The DOE “should, in the exercise of its public interest discretion, look beyond these studies to consider the profound tradeoffs that will result from a policy that permits the aggressive export of a valuable fuel source in the U.S. rather than supporting its expanded use domestically.” APGA has protested each export application pending at DOE. “Those protests point out…that the United States is at a crossroads; it can take the path toward energy independence and a manufacturing renaissance or it can reflexively approve LNG exports, with the associated greater profits for the affected companies, but it cannot have it both ways.”

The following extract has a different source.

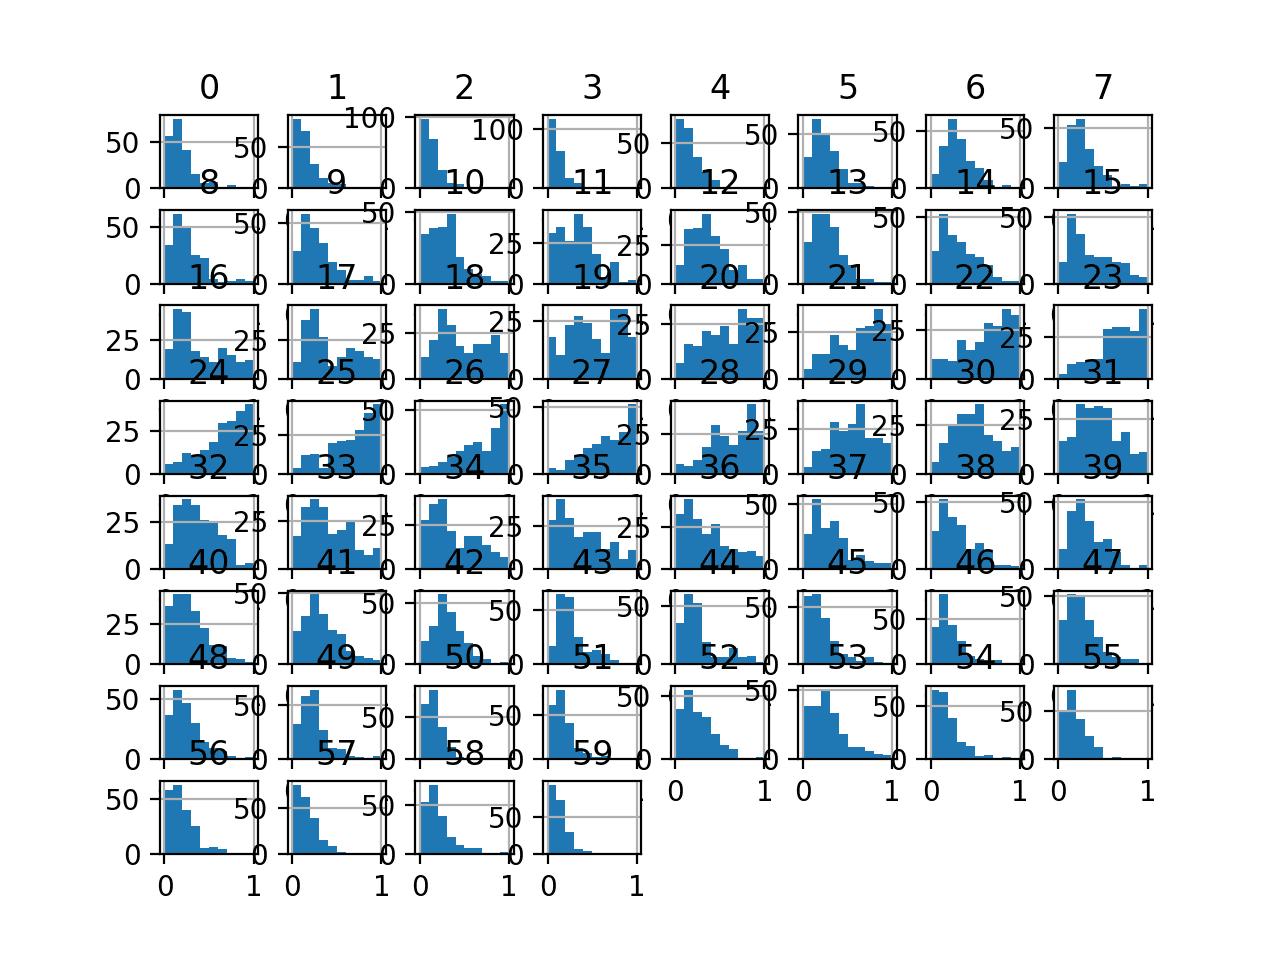 Histogram Plots of MinMaxScaler Transformed Input Variables for the Sonar Dataset

But AGA cited the DOE studies, which found that on balance LNG exports would produce an overall net economic benefit for Americans. “To the extent changes in the current abundant supply outlook, through unreasonable constraints on access to the domestic resource base or unforeseen market transformation, result in significant negative impacts on natural gas consumers, AGA believes that DOE should revisit its policies supporting LNG export authorization, and take suitable corrective action as necessary.

“For most of the past 30 years, messaging around natural gas supply has often been negative with outlooks reflecting shortages and domestic production reductions. That view has changed dramatically. Natural gas is abundant in North America…Reservoirs of natural gas today are found offshore and onshore, in sandstones, fractured tight sands, carbonate rocks, coal seams and, of course, low-permeability shales. It is this diversity that has enable the United States to become the largest producer of natural gas in the world.”

Given this abundant supply picture, AGA envisions “relative price stability” in the natural gas marketplace over the next decade and beyond. U.S. production capacity is sufficient to satisfy “significant new demand at affordable prices well into the future.” In AGA’s estimation, “a broad range of natural gas demand scenarios representing estimates of potential natural gas consumption from 66-85 Bcf/d can be supported by a natural gas acquisition price in the range of $4-$6.50/MMBtu as measured at the Henry Hub pricing point.”

Lawmakers weighed in. More than 100 members of the House of Representatives called on Energy Secretary Steven Chu to approve LNG export projects.

“The growth of the natural gas industry drives job creation, increases tax revenue, royalties and supports domestic manufacturing. However, the continued growth of this industry is reliant on steady demand…which we believe can responsibly include the export of LNG,” wrote the coalition of 110 House members, both Democrats and Republicans, in a letter to Chu Thursday.

And America’s Natural Gas Alliance said export opponents are basing estimates for natural gas demand than 50% higher than DOE estimates.

As of early January, there were 20 applications pending at the DOE for authorizations to export LNG to countries without free trade agreements with the United States, totaling 22.6 Bcf/d.